Inspecting a dataset

To inspect a dataset, a user should click the >-icon next to it (in the View"-column) in the list of available datasets. The area with the line chart will then be expanded below. Below the chart, boxes with the name of the target variable and the different predictors in the dataset are displayed. To switch individual variables that are rendered in the chart on and off, select or deselect them. To zoom in to a specific interval, select a particular area in a chart (press the left mouse button, hold, drag and release). To zoom out, double click anywhere in the chart.

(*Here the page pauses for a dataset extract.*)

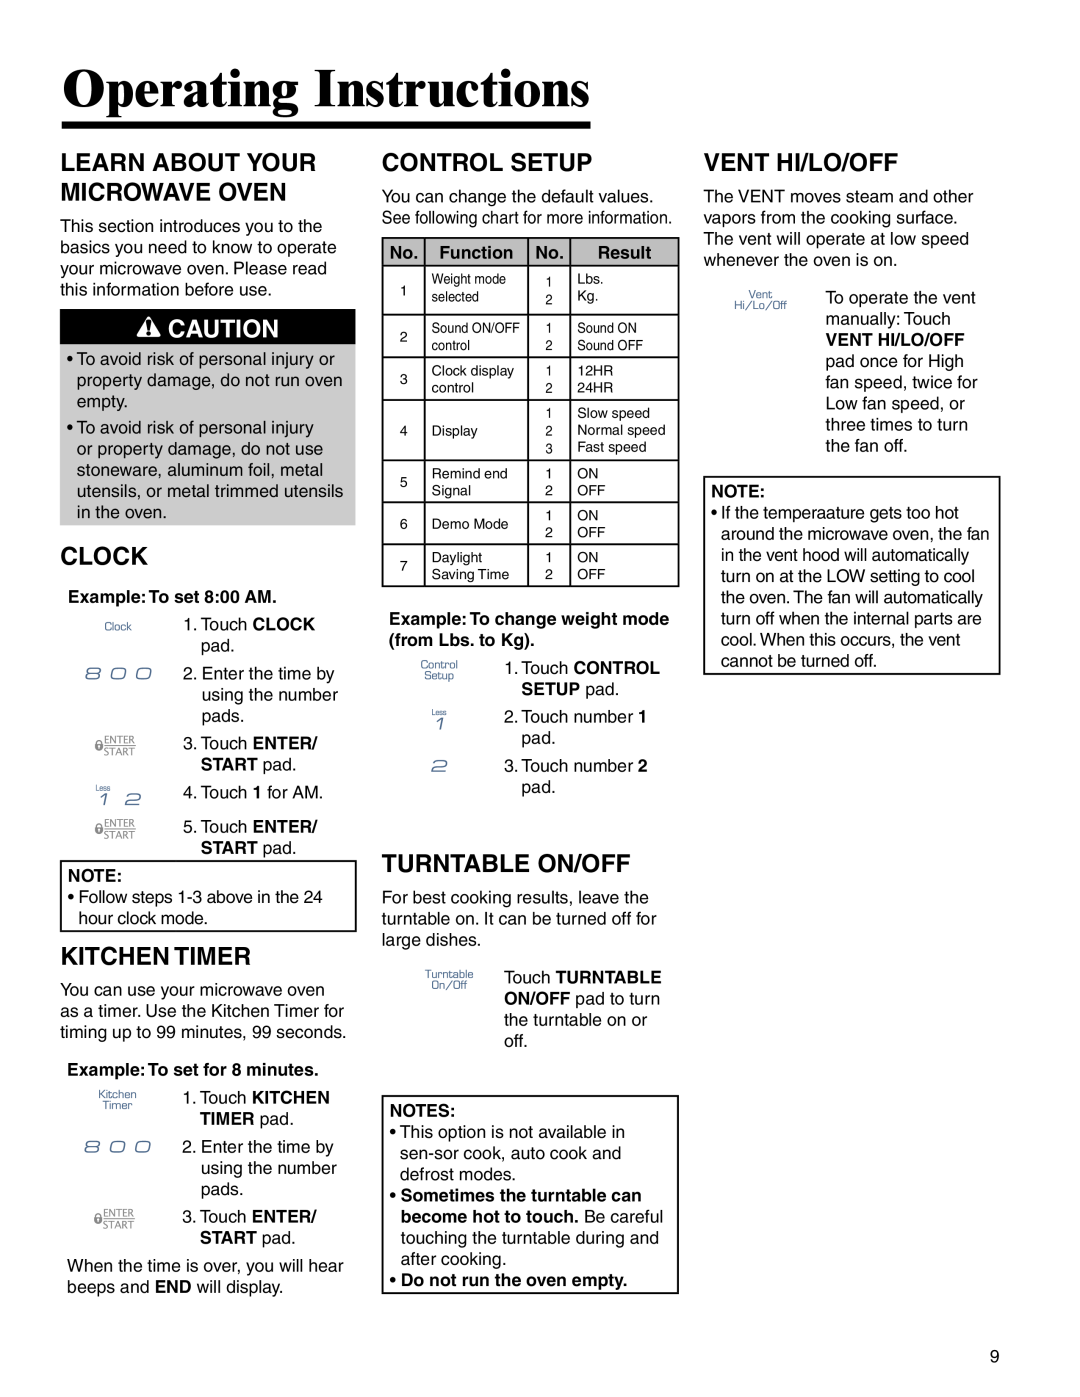 Maytag MMV4205BA Operating Instructions, Learn About Your Microwave Oven, Clock, Kitchen Timer, Control Setup 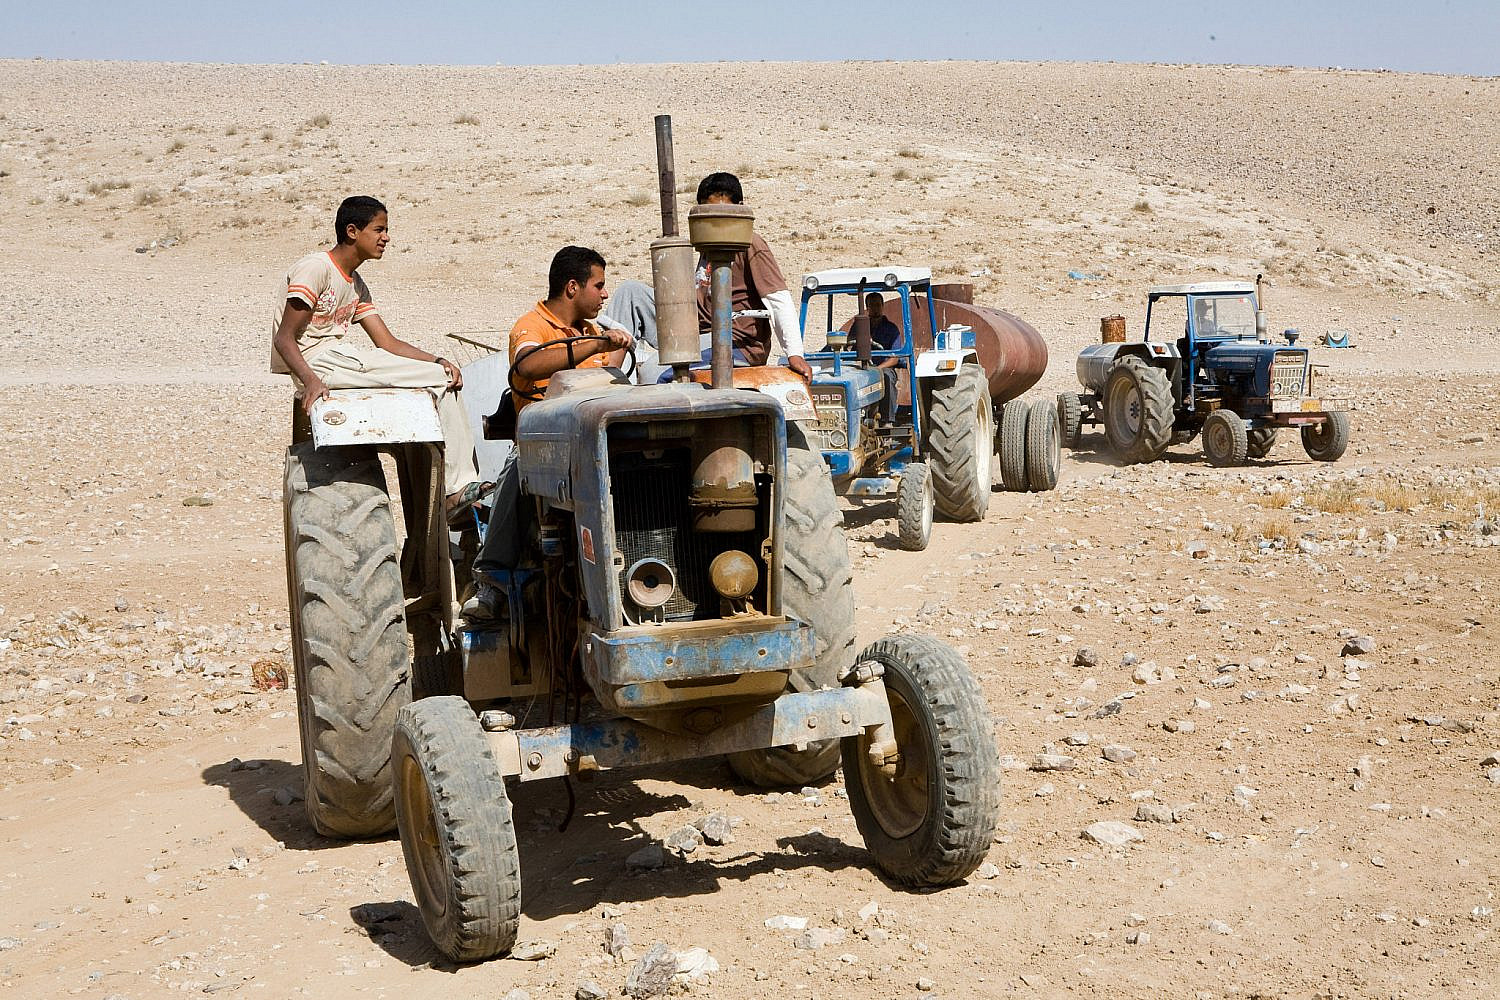 A water convoy to supply water to the unrecognized Bedouin village of Tel Arad in the Naqab/Negev desert, July 18, 2008. (Yotam Ronen/Activestills)

Updating an existing dataset

A CSV-file

To update an existing dataset by use of a CSV-file, a user has to go through the following steps:

  1. In the list of datasets, click the arrow-icon (image76.png) next to the relevant dataset in the "Update"-column (i.e. the last column).
  2. In the dialogue-window, select the file to be uploaded.
  3. The newly uploaded dataset will then replace the existing one.

SQL

To update an existing dataset by use of SQL, a user has to go through the following steps:

  1. In the list of datasets, click the arrow-icon (image76.png) next to the relevant dataset in the "Update"-column (i.e. the last column).
  2. The dataset is updated from the SQL source following these rules:
  3. If the timestamp of the data point in the SQL table (i.e. the row) is already present in the dataset in TIMTM Studio, then the datapoint in TIMTM Studio is updated with the new value.
  4. If the timestamp of the data point in the SQL table (i.e. the row) is not yet present in the dataset in TIMTM Studio, then this data point is added to TIMTM Studio dataset.

Deleting an existing dataset

To delete an exiting dataset, a user has to go through the following steps:

  1. In the list of datasets, click the bin-icon (image55.png) next to the relevant dataset in the "Update"-column (i.e. the last column).
  2. Confirm the deletion by clicking the "Delete"-button.